Re: RDQL + DAWG = BRQL from Alberto Reggiori on 2004-06-29 (public-rdf-dawg@w3.org from April to June 2004)

From: Alberto Reggiori <alberto@asemantics.com>
Date: Tue, 29 Jun 2004 19:06:01 +0200
To: Andy Seaborne <Andy_Seaborne@hplb.hpl.hp.com>
Cc: 'Asemantics Staff' <staff@asemantics.com>, RDF Data Access Working Group <public-rdf-dawg@w3.org>
Message-Id: <99514392-C9EE-11D8-8D4E-0003939CA324@asemantics.com>
On Jun 17, 2004, at 12:48 PM, Seaborne, Andy wrote:
>
> Out of those discussions, we came up with an outline design that  
> extends
> RDQL to meet the DAWG requirements for a query langauge. It does not  
> cover
> protocol issues.
>
>     http://jena.hpl.hp.com/~afs/BRQL.html

Dave, Stave, Andy, we like the BRQL proposal a lot, and we find it a  
good starting point indeed for the upcoming DAWG design phase - see  
some comments inline below (both about syntax and design issues/ideas)

>
> Features:
>
> + New result form: CONSTRUCT

+1 useful

but, we are wondering whether or not this would require full XML  
well-formed syntax support in CONSTRUCT then, for example when the  
query results/output would contain rdf:parseType="Literal" literal  
values (i.e. including entities, XML escapes, attributes and so on)  
i.e. more like XQuery constructors. Of course, if we would require the  
CONSTRUCT clause to be used to "build" simpler RDF graphs without  
requiring those to be in XML format this would not be a big issue (or  
escape those using N-Triples or Turtle canonical XML syntax then?).  
Simpler design is better perhaps - but we might need to re-consider  
this more once users and developers will start using BRQL for  
real-world Web/XML applications.

Concerning about a more syntax aspect of BRQL, perhaps AS keyword could  
be used as a synonym for CONSTRUCT for read-ness.
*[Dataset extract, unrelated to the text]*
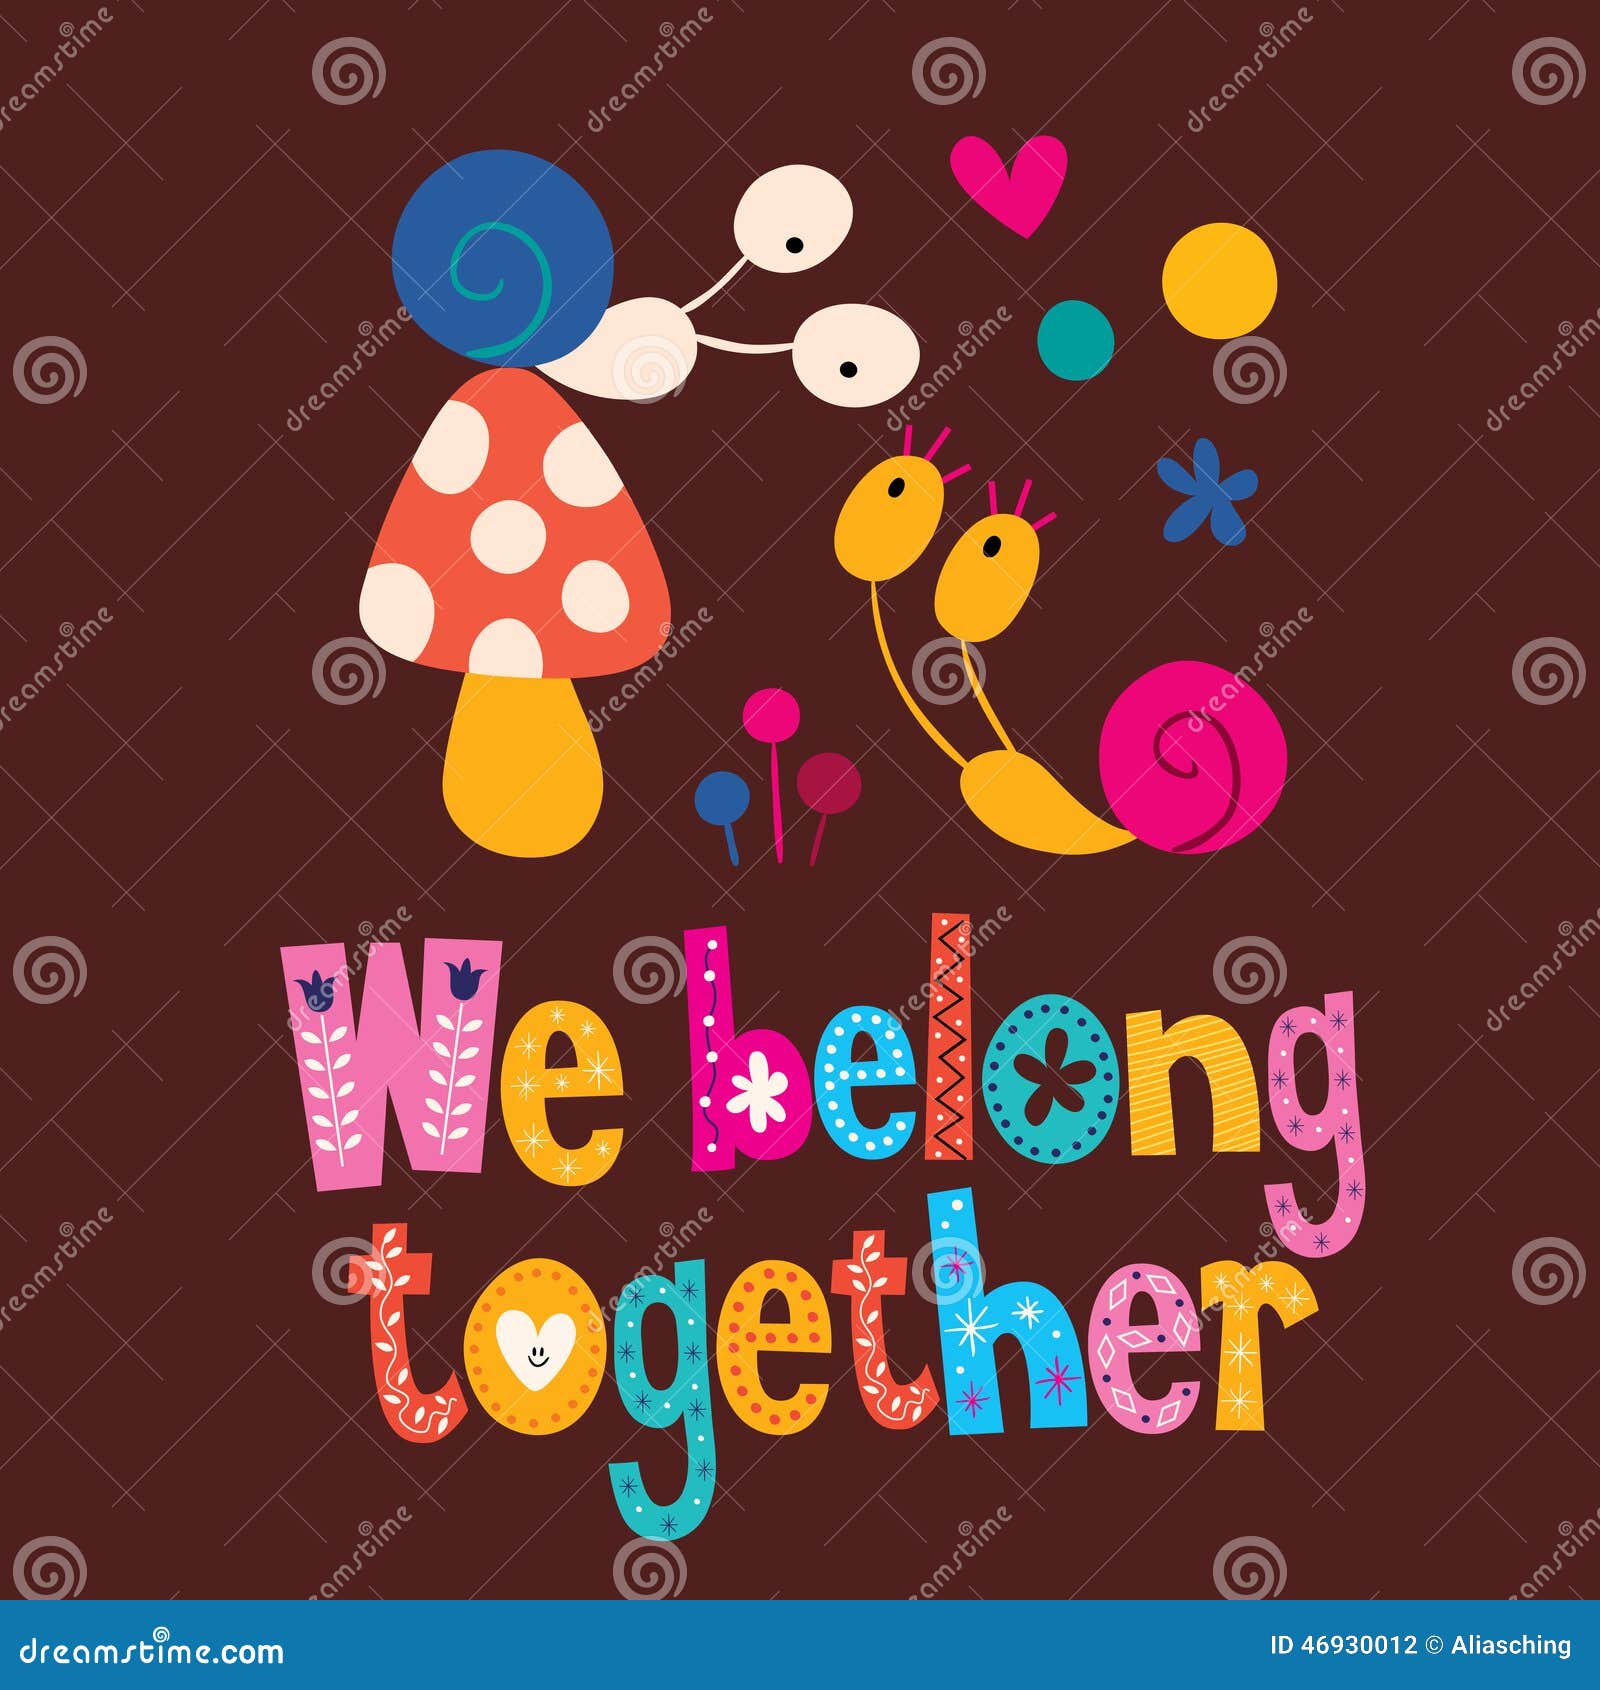 we belong together love card
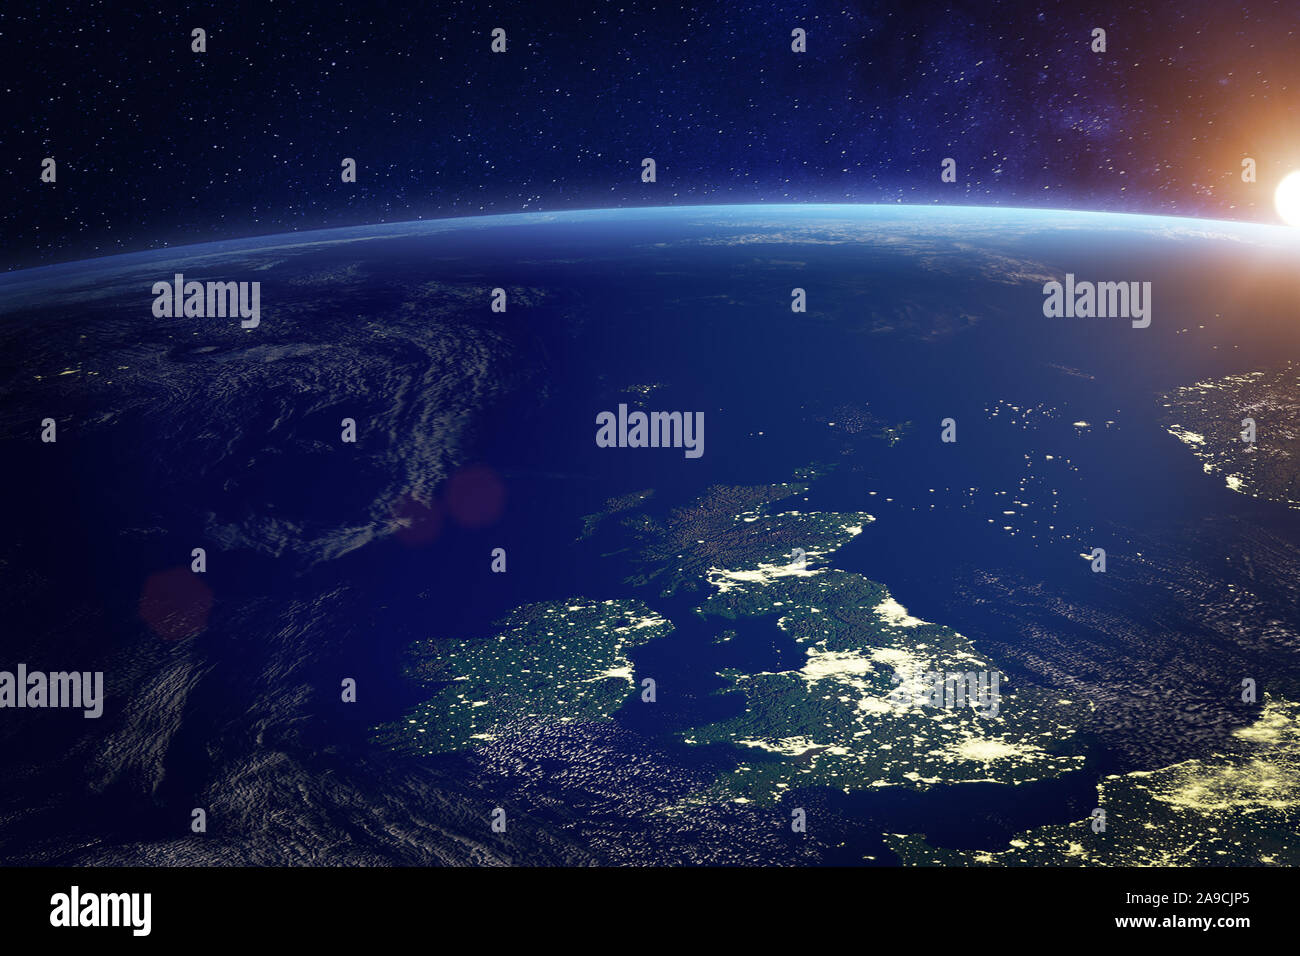 Regno Unito (UK) dallo spazio durante la notte con le luci della città della città di Londra, Inghilterra, Galles, Scozia e Irlanda del Nord, la tecnologia di comunicazione, Foto Stock

> + Triple source identification (sometimes known as "quads")

+1 very useful feature

even though we wonder whether or not the use of SOURCE keyword for  
quads would clash with the current FROM synonym to specify the input  
source to query from (e.g. select ?foo ?bar source my-foo-bar.rdf where  
(?foo....) using bar for <>.....) - perhaps DOMAIN, GRAPH or NAME  
keywords could be used instead for quads?

> + Optional triple matching

+1 very useful

what about using '[]' (square brackets) around triple-patterns  
themselves as an alternative to spell out the OPTIONAL keyword? or use  
instead a '?' (question mark) in front of a triple-pattern to express  
that it is optional? i.e. more UNIX like and familiar to developers -  
see also  
http://lists.w3.org/Archives/Public/www-rdf-rules/2003Apr/0030.html for  
some old ideas along those lines.

More, it is not clear at  the BRQL syntax level how to "group"  
triple-patterns by the "optional"  clause i.e. using nested parenthesis  
or use braces to
group sources vs. repeated keywords

> + Non-existent triple testing

+1 useful

Perhaps allow some alternative syntactic sugar like '~' or '!' in front  
of triple-pattern as a synonym of NOT - and also here, it is not clear  
from the syntax how to "group" triple-patterns by the "not"  clause  
i.e. using nested parenthesis or use braces to group sources vs.  
repeated keywords  i.e. how to gain readability and user friendliness

> + Filter functions on values

+1 very useful

Perhaps need to mention in the document a basic set of filter-functions  
(profiles) to be used on a restricted set of XSD data types (i.e.  
integers, doubles and dates) - like  
http://www.w3.org/TR/xquery-operators/ or http://exslt.org modules -  
and extract a basic list of *must* support extensions for a BRQL  
implementation to be compliant e.g. numericals, maths and dates  
comparison. The QName function-call-name idea  coupled with the USING  
clause is very cool and it should nicely fit with EricP extensibility  
idea as shown its Algae2 - see  
http://lists.w3.org/Archives/Public/public-rdf-dawg/2004AprJun/ 
0688.html - e.g. adding a GML profile (specific geo-functions)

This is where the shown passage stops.